> Your assignment: Nothing in the copy should be a picture; everything else in the listing is to be restated exactly.

(Data block)

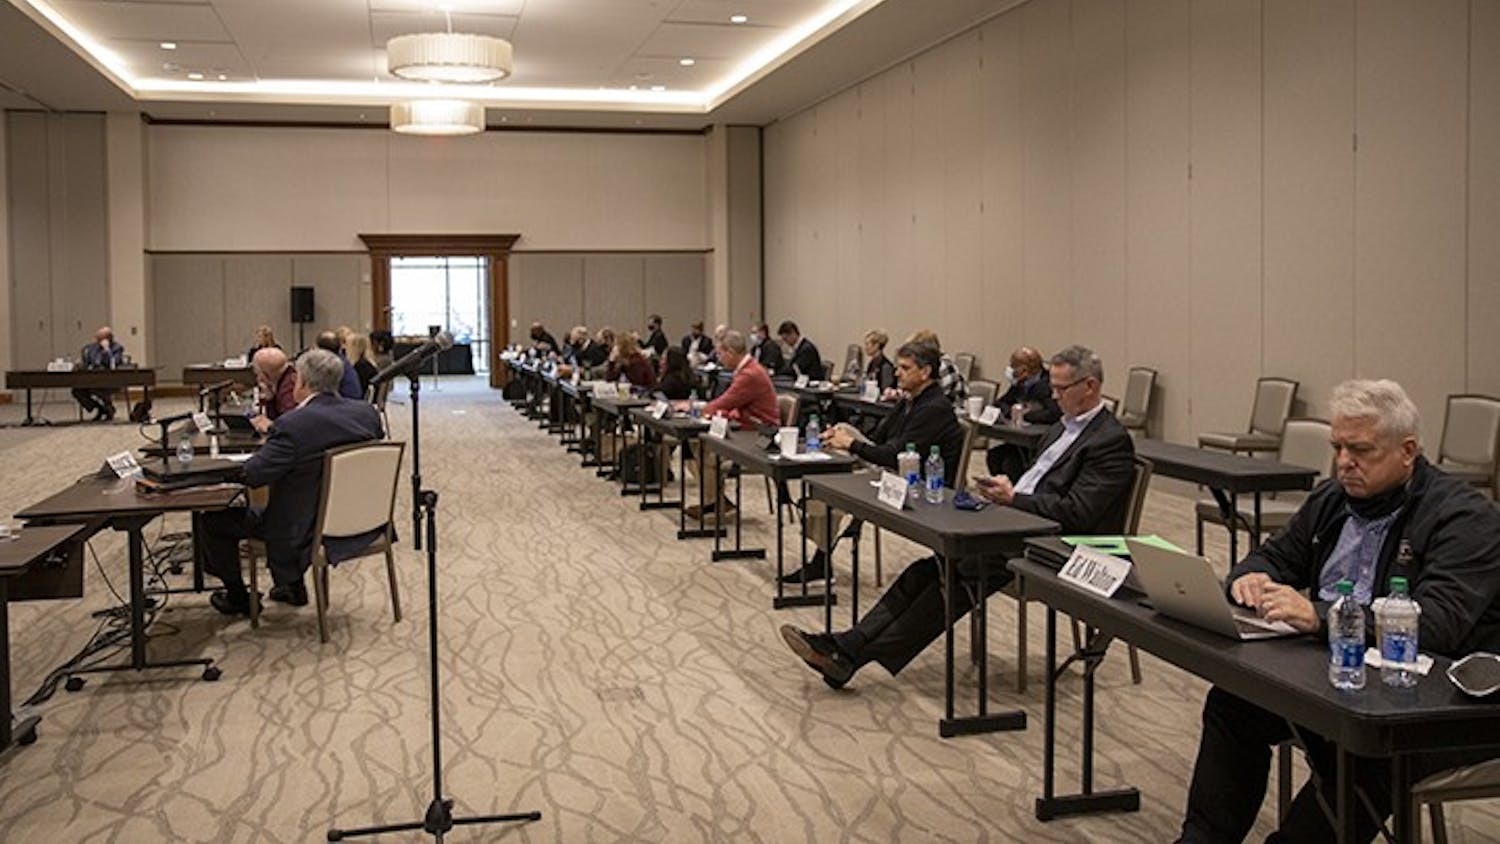 University of South Carolina board of trustee members meet at the Alumni Center during the 2021 board of trustees retreat to discuss issues, concerns and goals for the 2021 year.
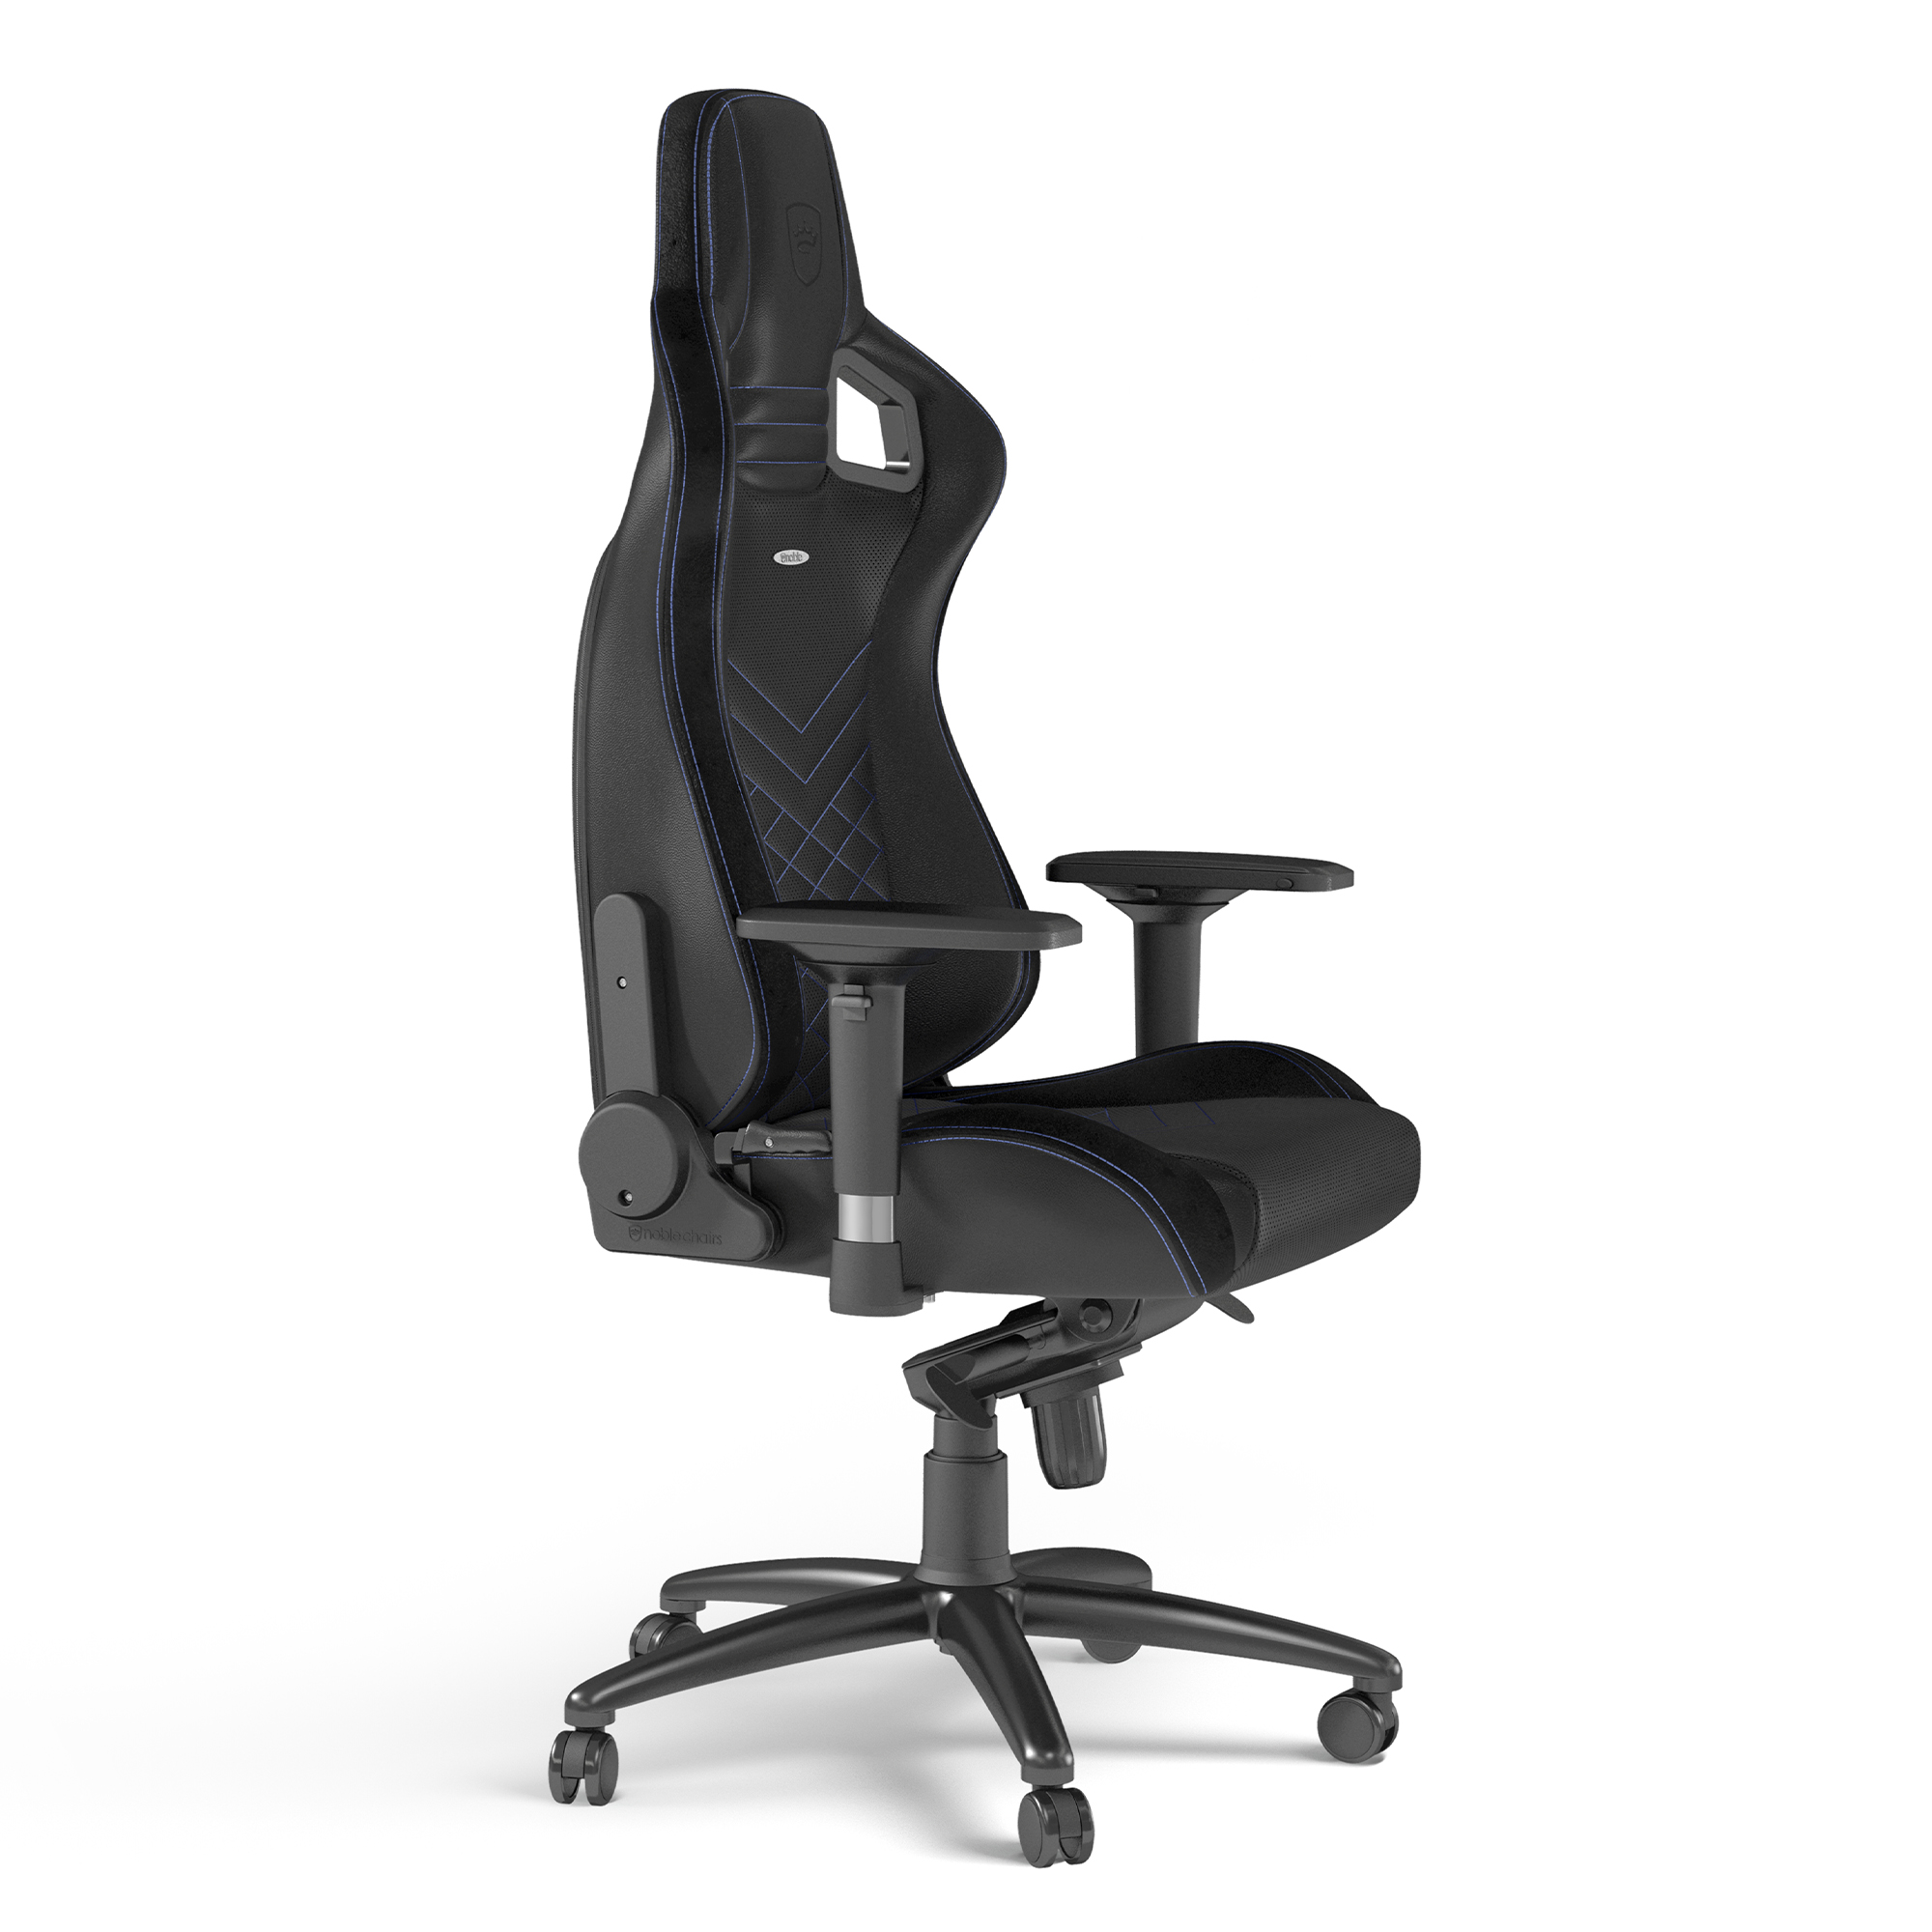 noblechairs - noblechairs EPIC Gaming Chair - Black/Blue
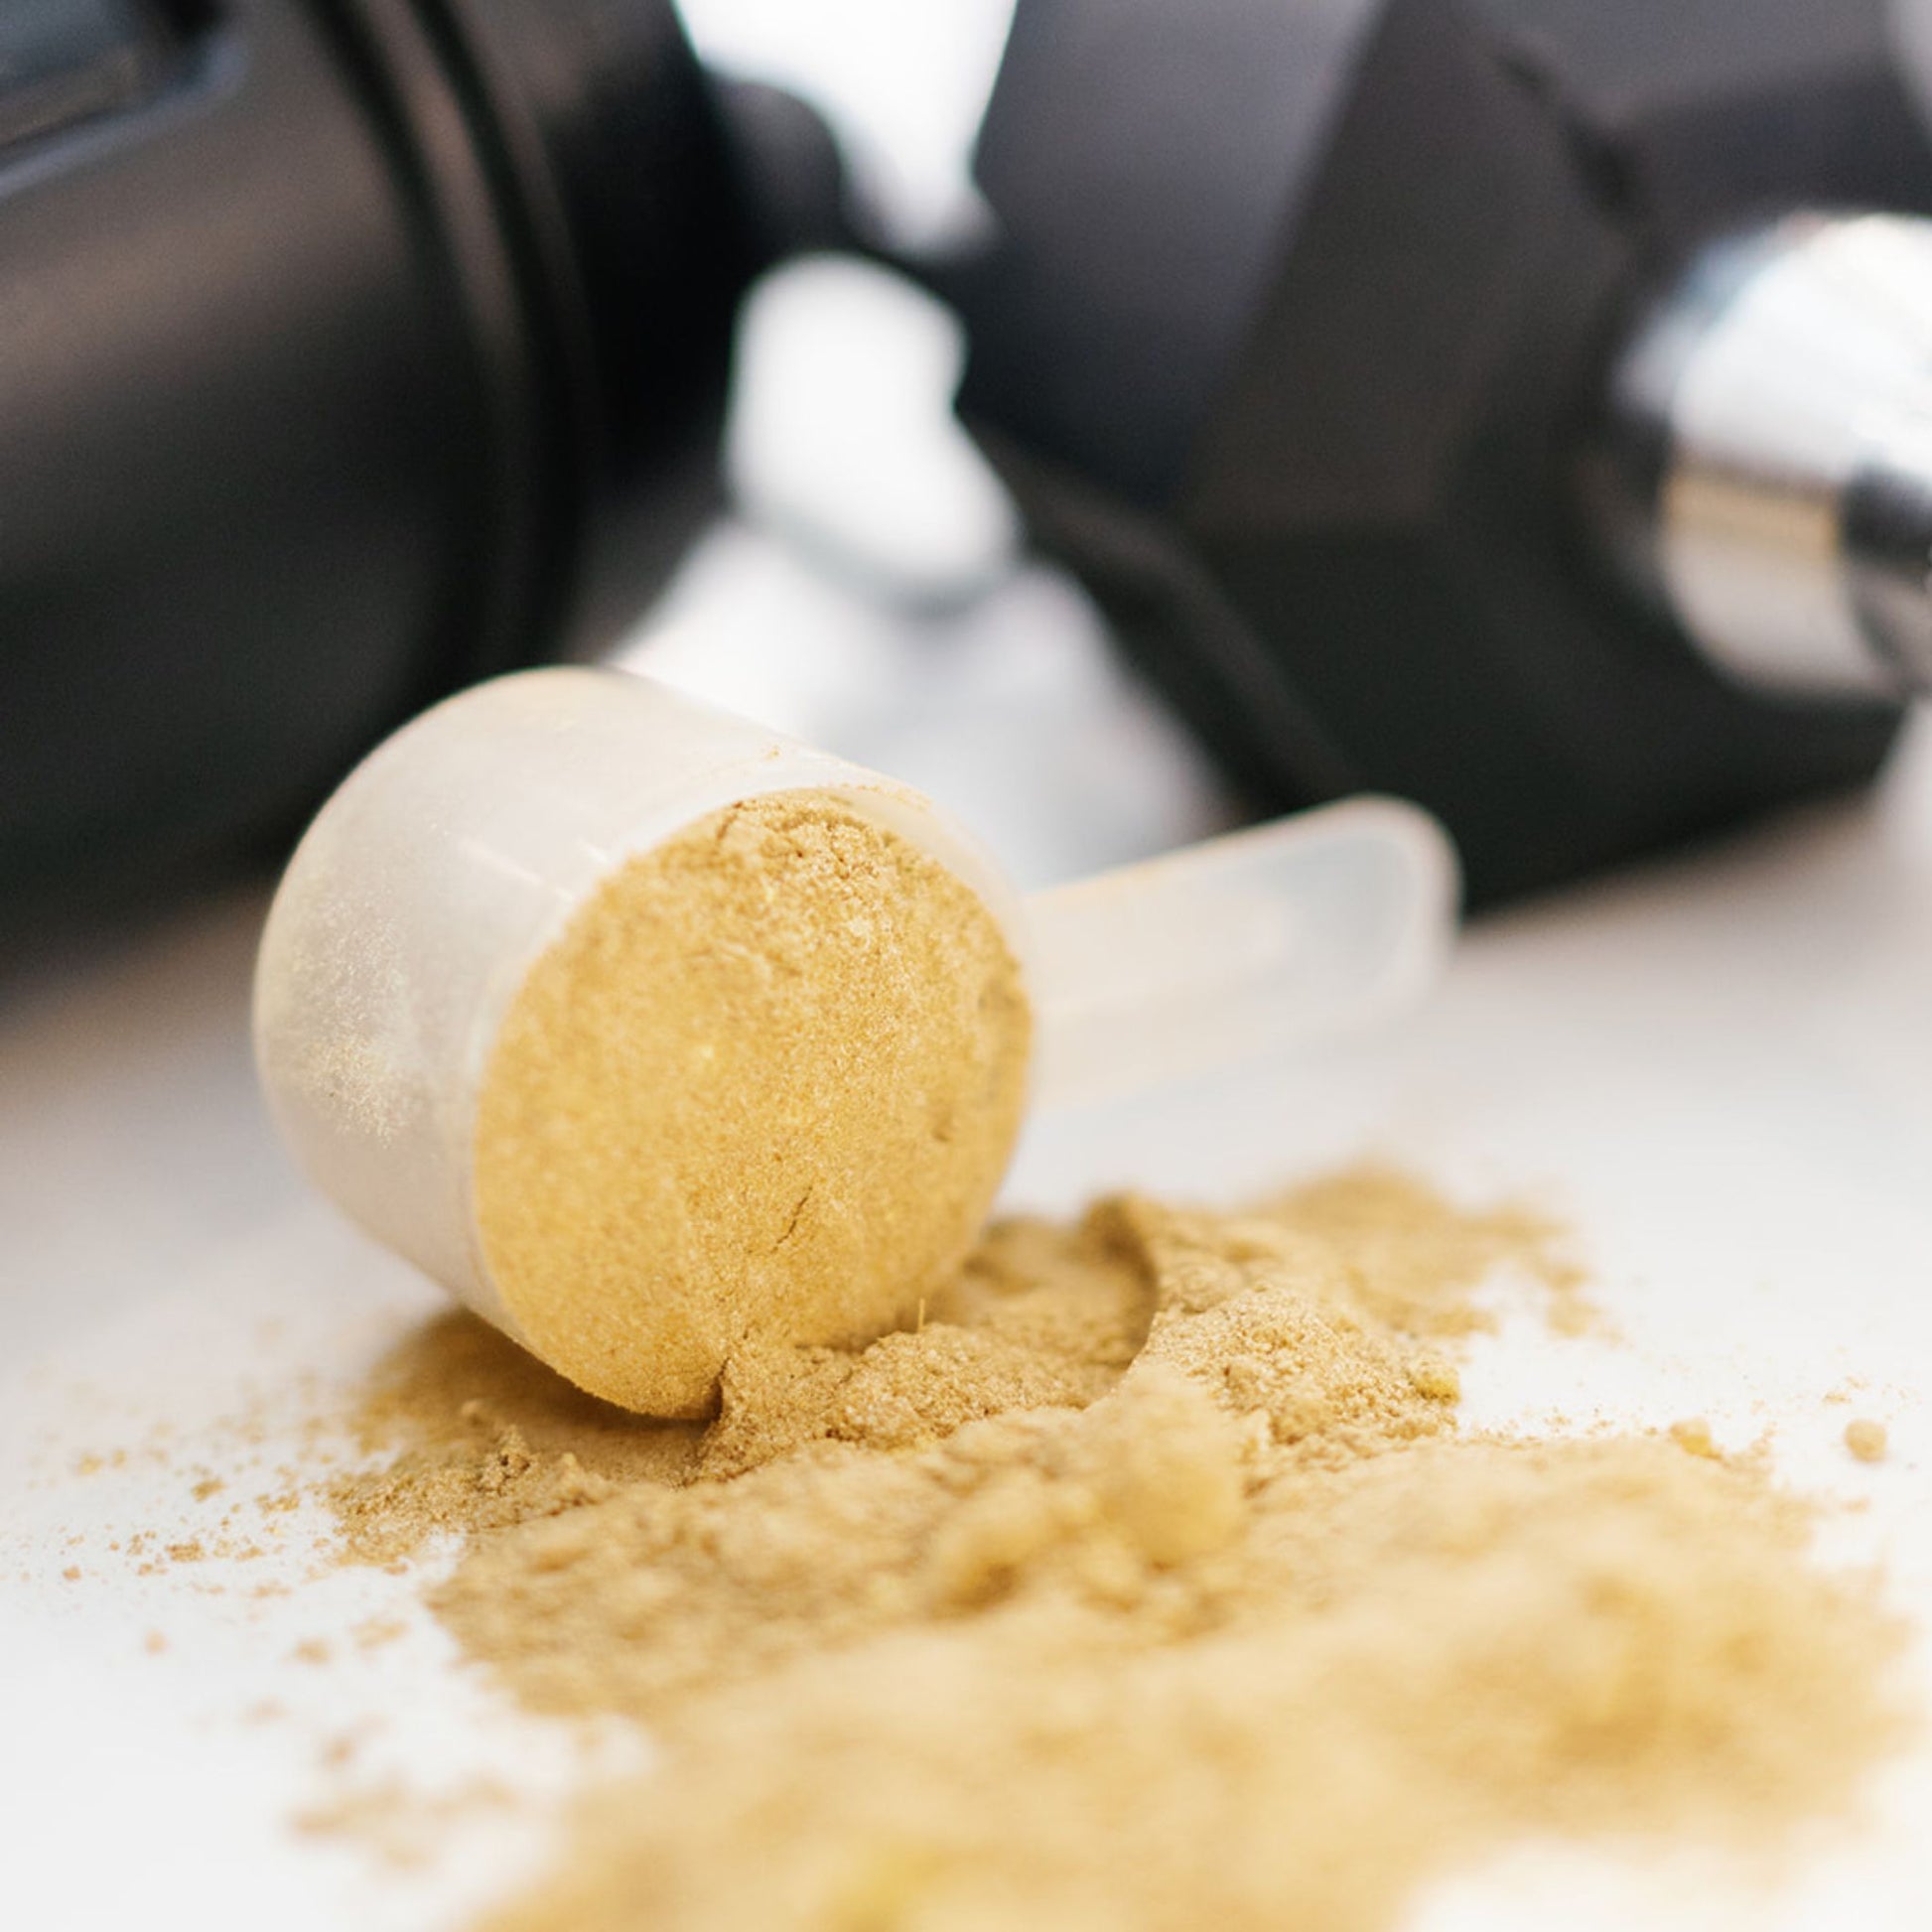 Golden salutem scoop with powder spilling out onto white counter. Black dumbell and shaker bottle behind the scoop with powder.

(End Data block)

> Solution to this problem:
 University of South Carolina board of trustee members meet at the Alumni Center during the 2021 board of trustees retreat to discuss issues, concerns and goals for the 2021 year.
 noblechairs - noblechairs EPIC Gaming Chair - Black/Blue
 Golden salutem scoop with powder spilling out onto white counter. Black dumbell and shaker bottle behind the scoop with powder.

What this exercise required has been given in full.